Given material:
^^^^^^^^

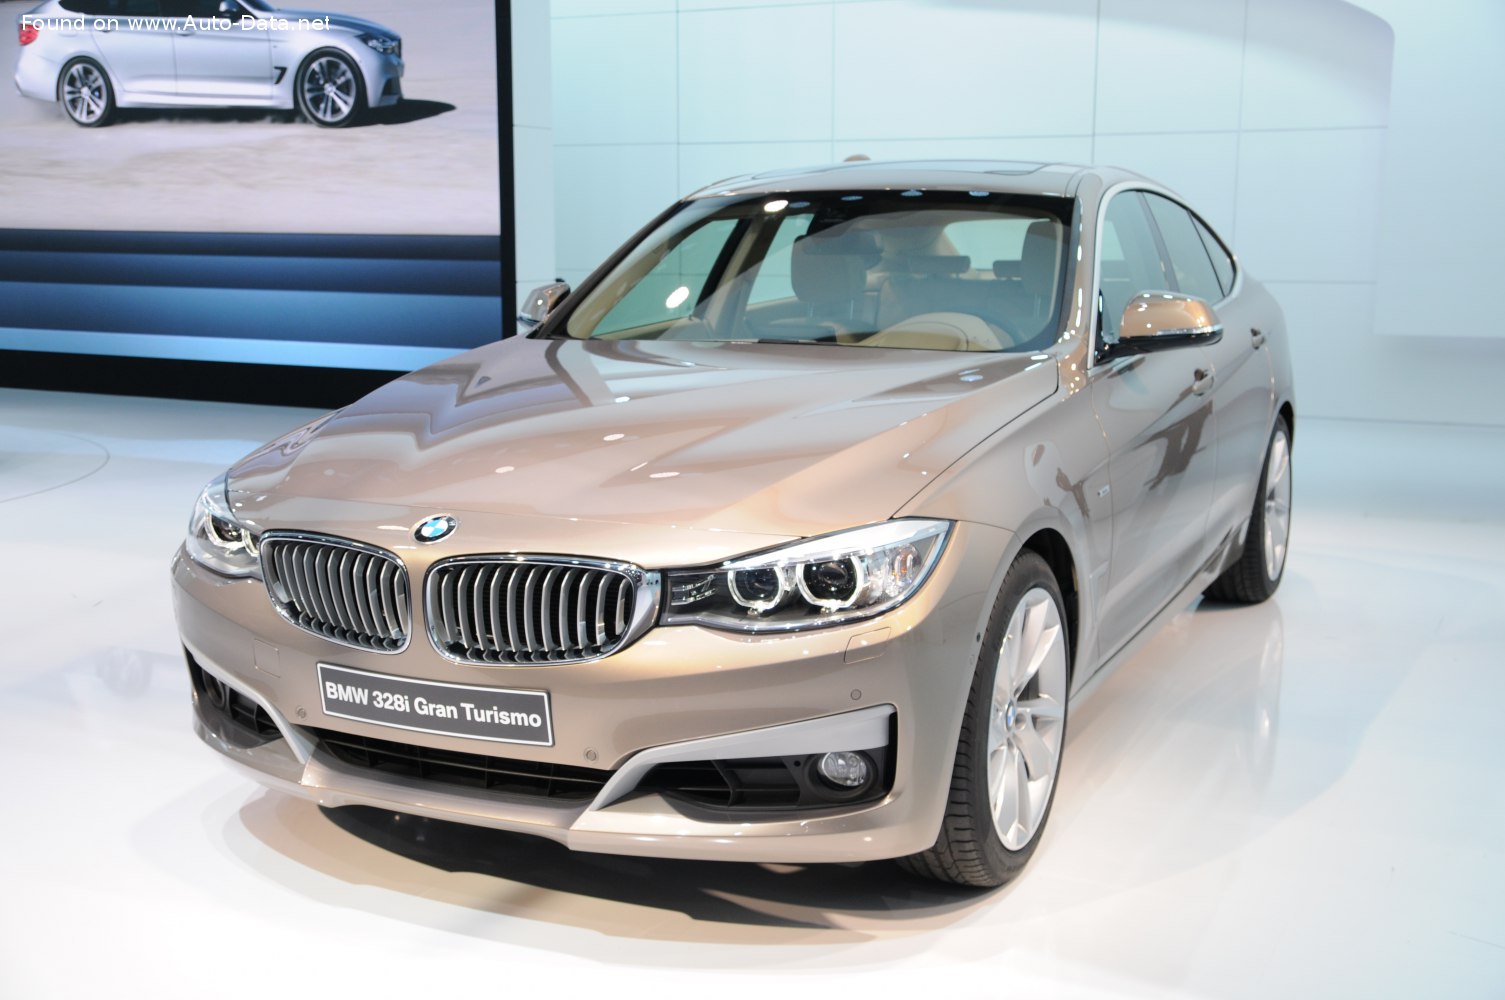 2013 BMW 3 Series Gran Turismo (F34) 320i (184 Hp) | Technical specs, data, fuel consumption, Dimensions
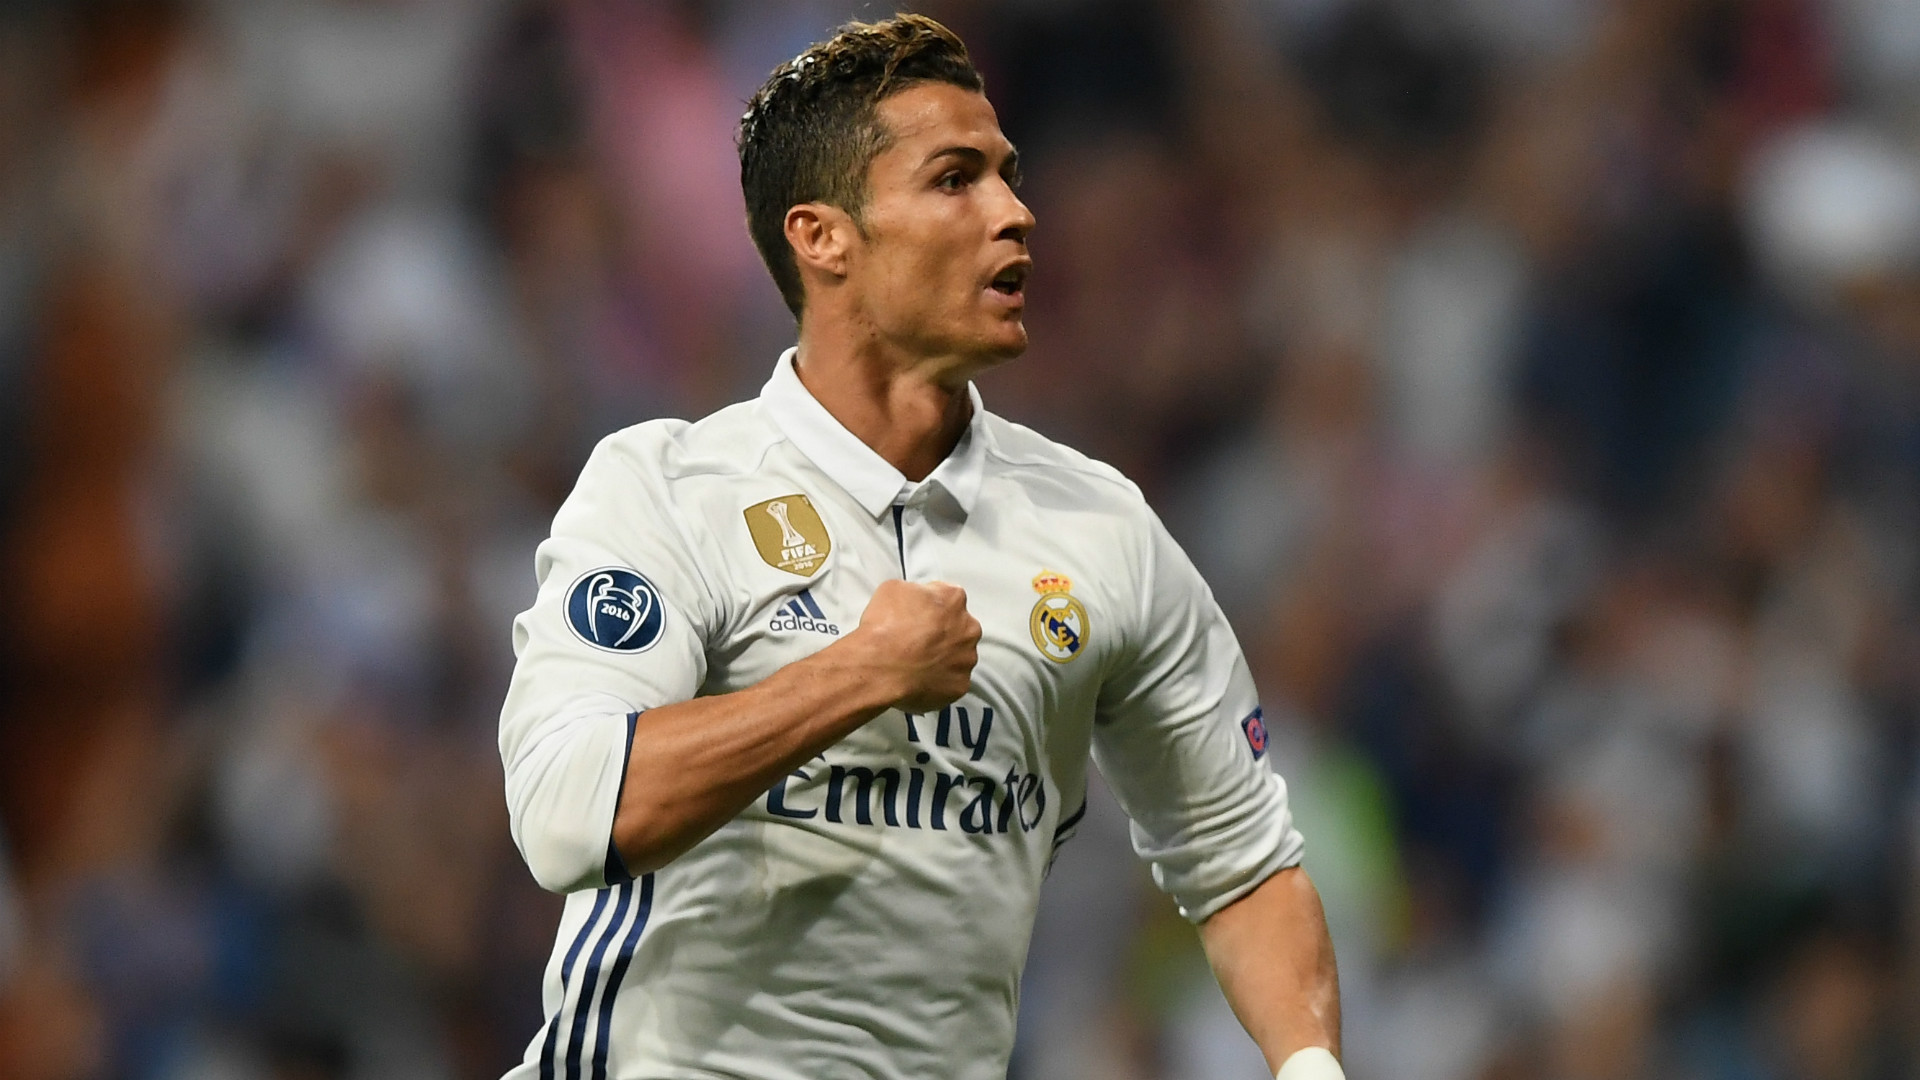 Cristiano Ronaldo Salary Per Week In Rands
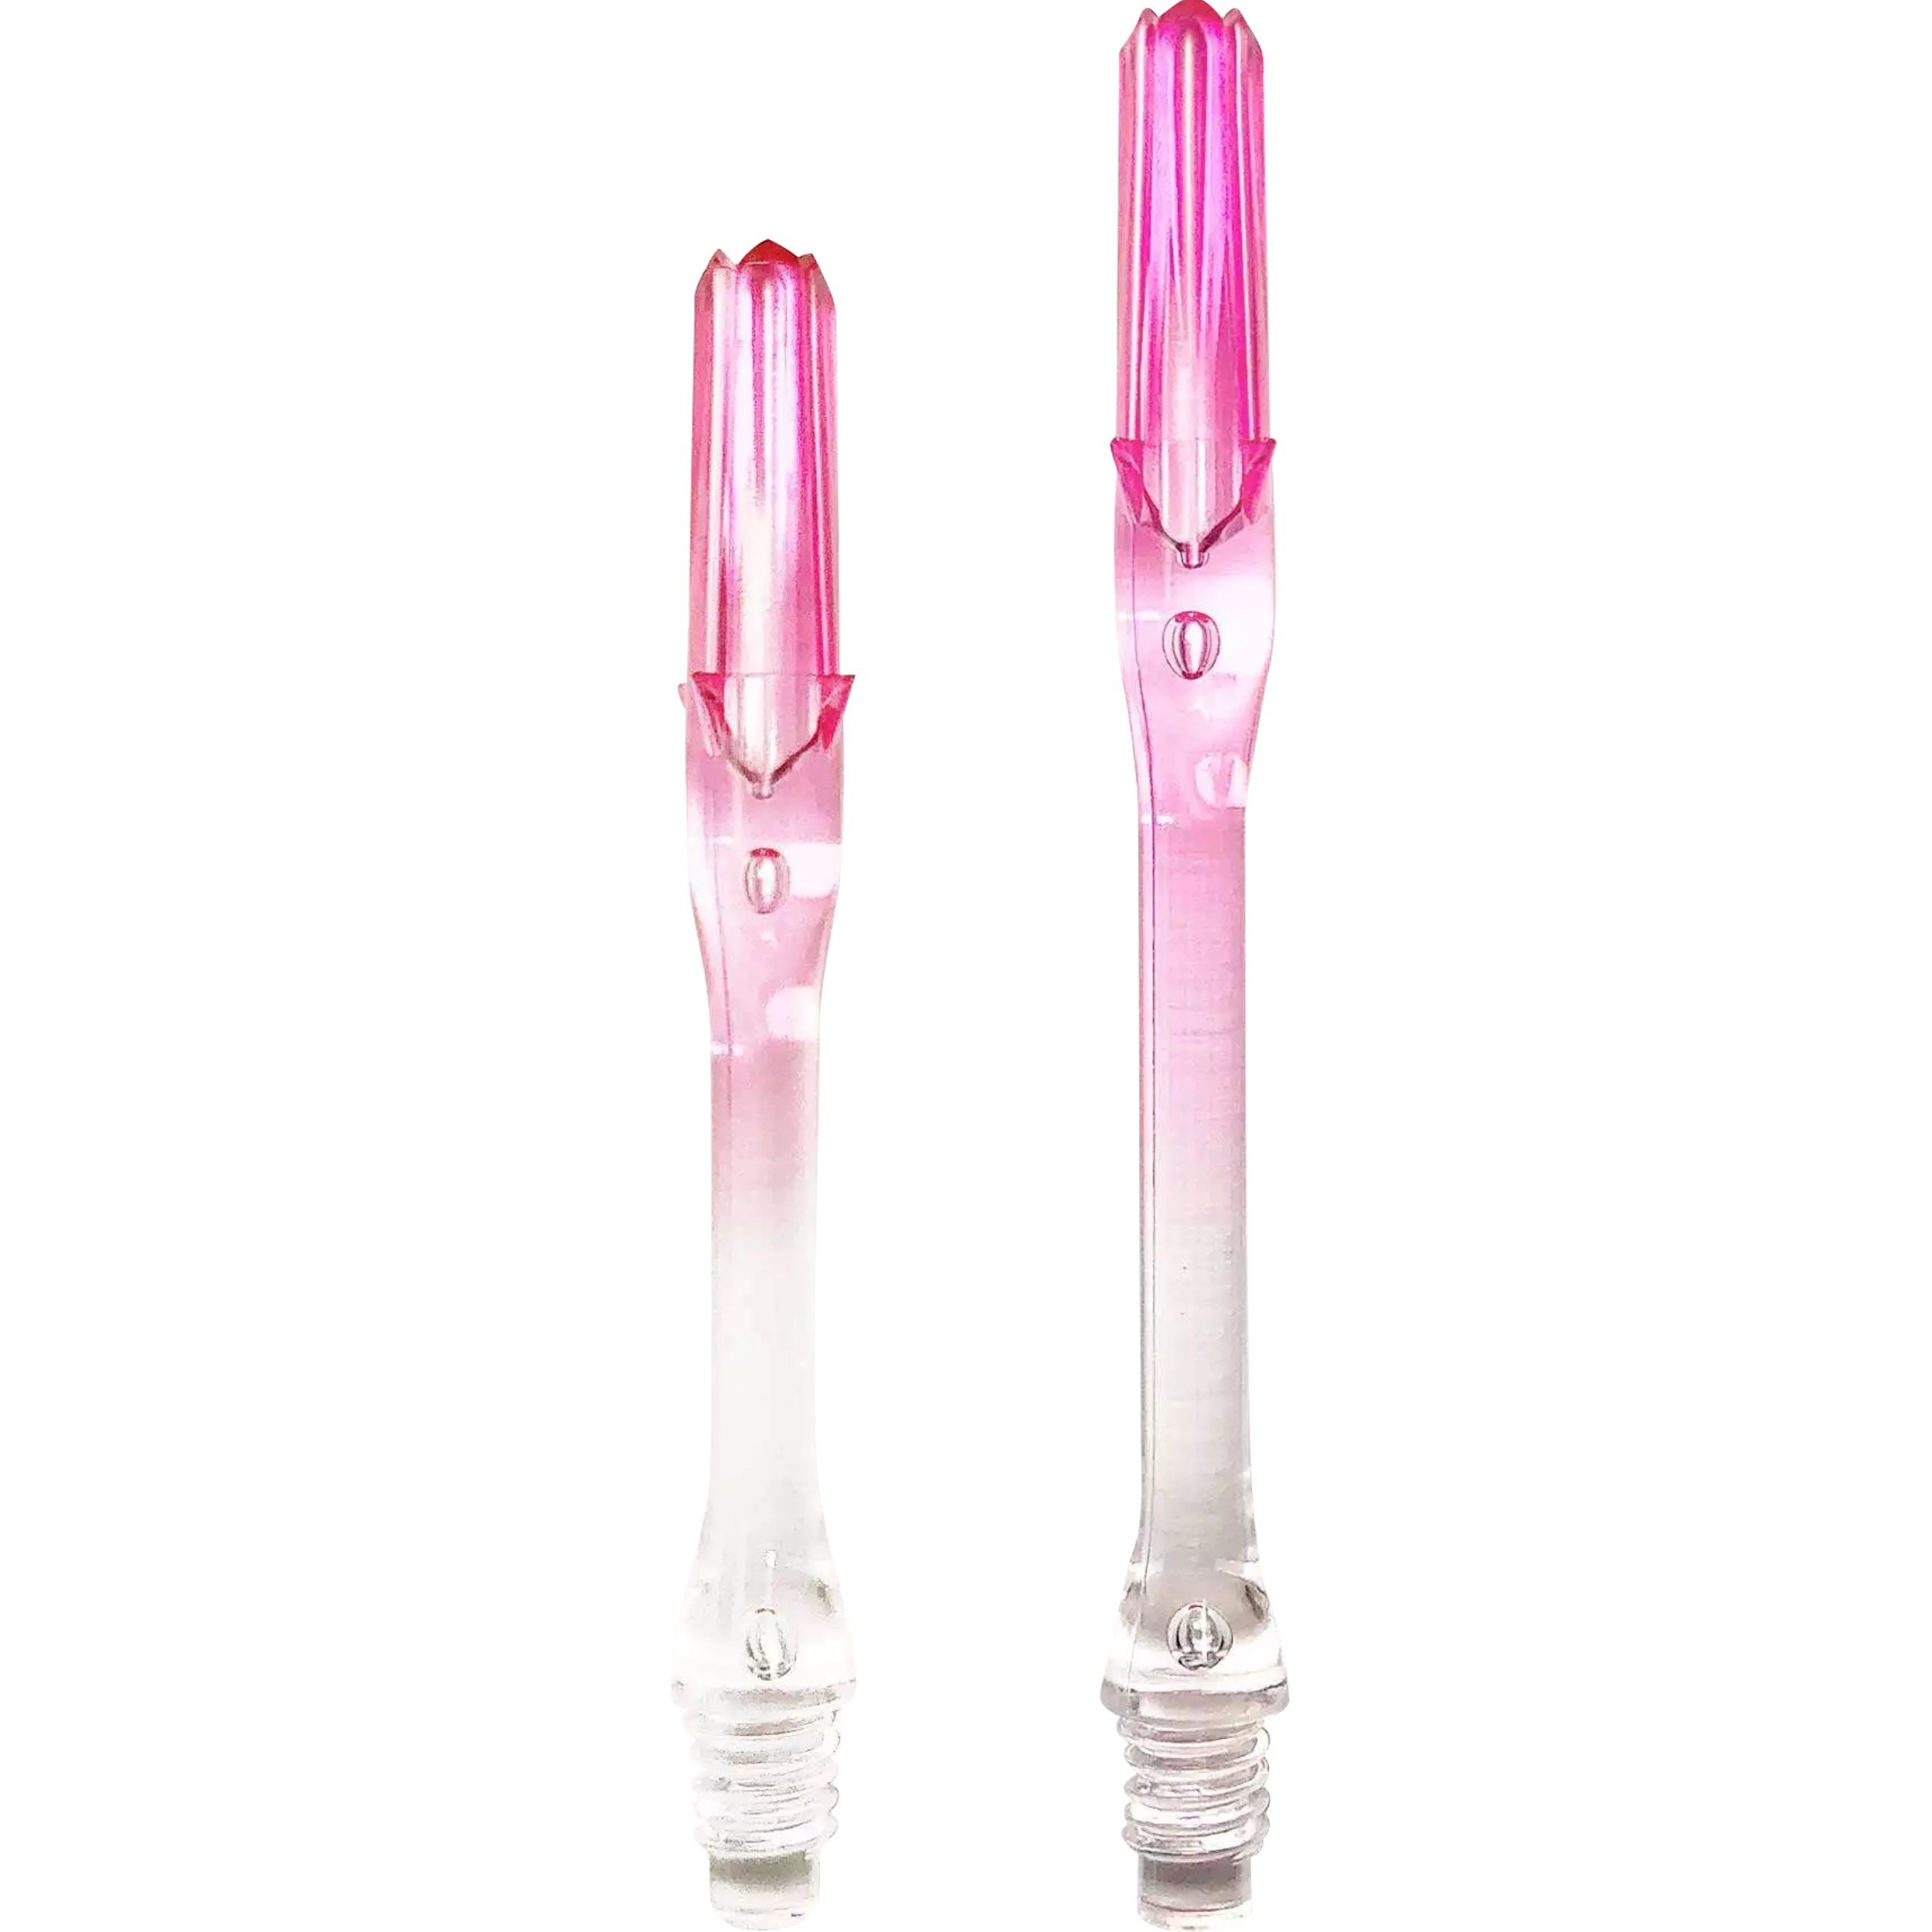 L-Style - L-Shaft Lock Slim N9 TwinColor - Transparent Pink

^^^^^^^^

Aim of the task: Return the listing exactly as it appears, excluding any image.

Exercise result:
 2013 BMW 3 Series Gran Turismo (F34) 320i (184 Hp) | Technical specs, data, fuel consumption, Dimensions
 Cristiano Ronaldo Salary Per Week In Rands
 L-Style - L-Shaft Lock Slim N9 TwinColor - Transparent Pink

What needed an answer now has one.